To be specific about what ongoing maintenance looks like in practice:

  • Plugin updates — applied carefully and checked for compatibility, typically at least once a week.
  • WordPress core updates — applied when new versions are released, tested to ensure nothing breaks.
  • Theme, framework, and page builder updates — applied and tested each time developers release a new version, to ensure the site continues to display and function correctly.
  • Security monitoring — keeping watch for known vulnerabilities and responding quickly when they arise.
  • Compatibility checks — ensuring that updates from one component do not cause problems with others.
  • Backups — maintaining recoverable copies of the site so that, if something does go wrong, it can be restored quickly.

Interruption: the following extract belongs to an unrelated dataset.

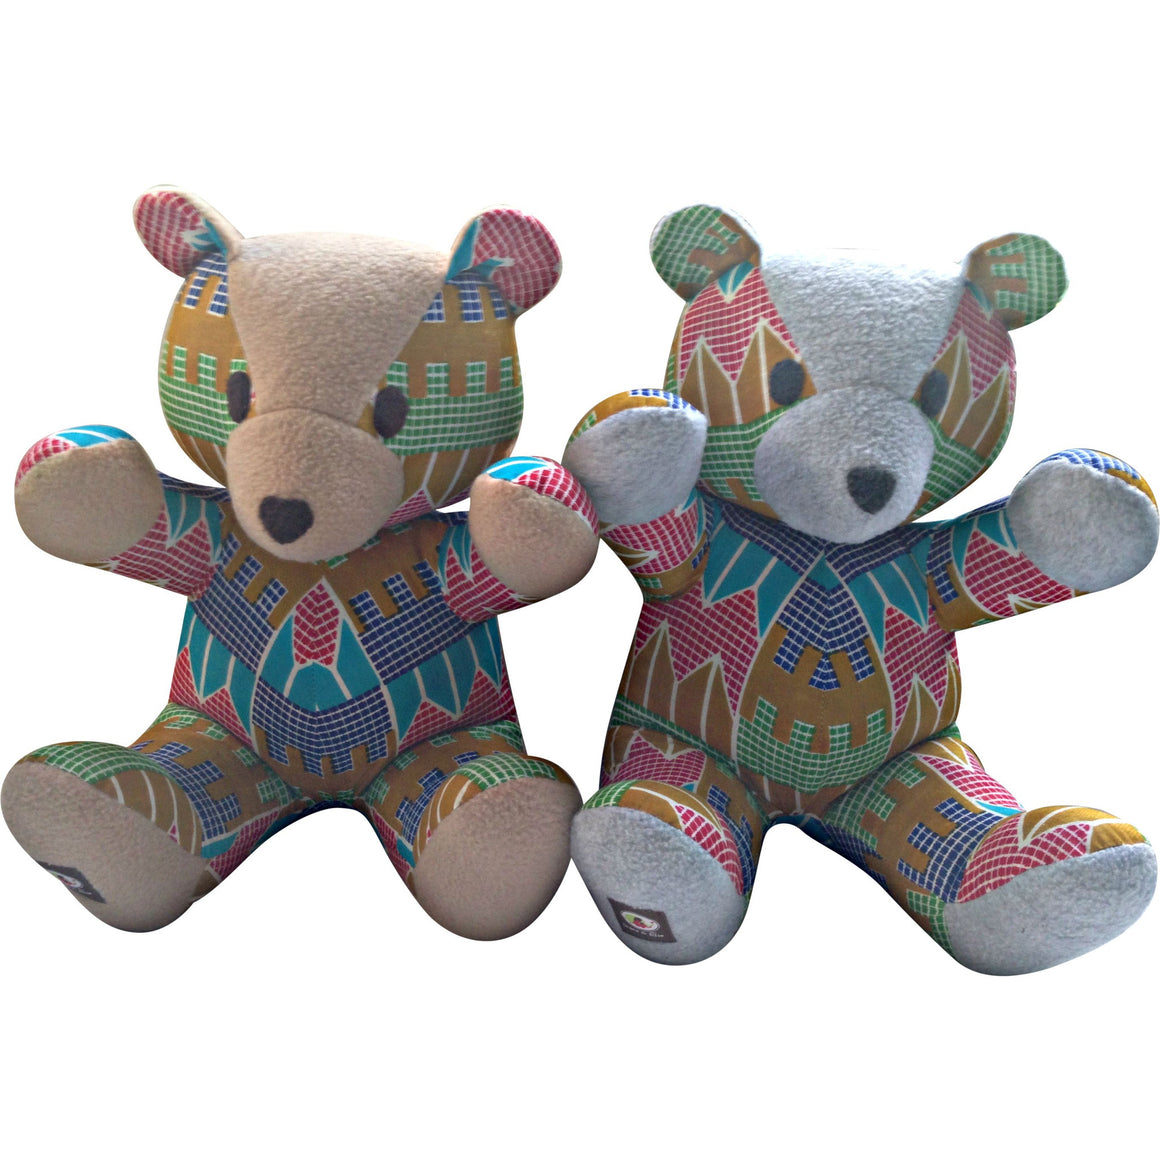 Toys - Nana Tan The Teddy Bear

This is not the kind of work that resolves itself or becomes less necessary over time. The software ecosystem around WordPress continues to evolve, and the work of keeping a site stable, secure, and functional evolves with it.

A useful comparison

Consider the software on a mobile phone. When a phone is new, it works well. Over time, the operating system and the apps on it receive updates, sometimes to add features, more often to fix problems and maintain security. If those updates are ignored for long enough, the phone becomes slower, less secure, and some apps eventually stop working properly.

No one would expect a phone to run indefinitely without updates simply because it worked when it left the factory. A website is no different.

What Square Eye provides and what it does not

It is worth being clear about the scope of the maintenance service Square Eye provides, because this is sometimes a source of confusion.

Square Eye provides website maintenance. This covers the ongoing software updates, security monitoring, compatibility management, and related technical work described above.

Square Eye does not provide website hosting. Hosting, the service that keeps a website connected to the internet and accessible to visitors, is a separate function, managed separately. That said, Square Eye liaises directly with hosting providers on clients’ behalf, so there is no need to navigate technical conversations with a host independently. Any hosting-related issues that arise are handled as part of the support package.

On the question of third-party incompatibilities: if an update to a plugin or framework causes an unexpected problem, Square Eye will immediately roll back that update to restore normal service. The cost of investigating and resolving the underlying issue is not covered within the standard maintenance package, since the cause lies with a third-party developer rather than with the maintenance work itself. However, Square Eye will manage the situation throughout, working with the client to agree on the most appropriate course of action. That might mean troubleshooting and fixing the problem, waiting for the third-party developer to issue a patch, removing the feature that caused the conflict, or finding an alternative solution. The website will not be left in a compromised state while that process unfolds.

A final note on reliance on third-party systems

It is natural to feel uncertain about a service that depends on software produced by organisations outside of the relationship. That uncertainty is worth acknowledging.

The reality is that almost all modern websites, including those of the largest law firms and most prominent chambers in the country, operate in the same way. WordPress powers a significant proportion of the web. The tools built around it are used by millions of organisations globally, and are actively maintained by large, well-resourced developer communities.

The alternative is not independence from third-party software. It is a different set of third-party software, at greater cost, with fewer people maintaining it.

What ongoing maintenance provides is not a guarantee that nothing will ever go wrong. It is the professional oversight that catches problems early, applies fixes promptly, and keeps the site functioning as intended, in the same way that regular servicing keeps a vehicle roadworthy, even if the roads themselves keep changing.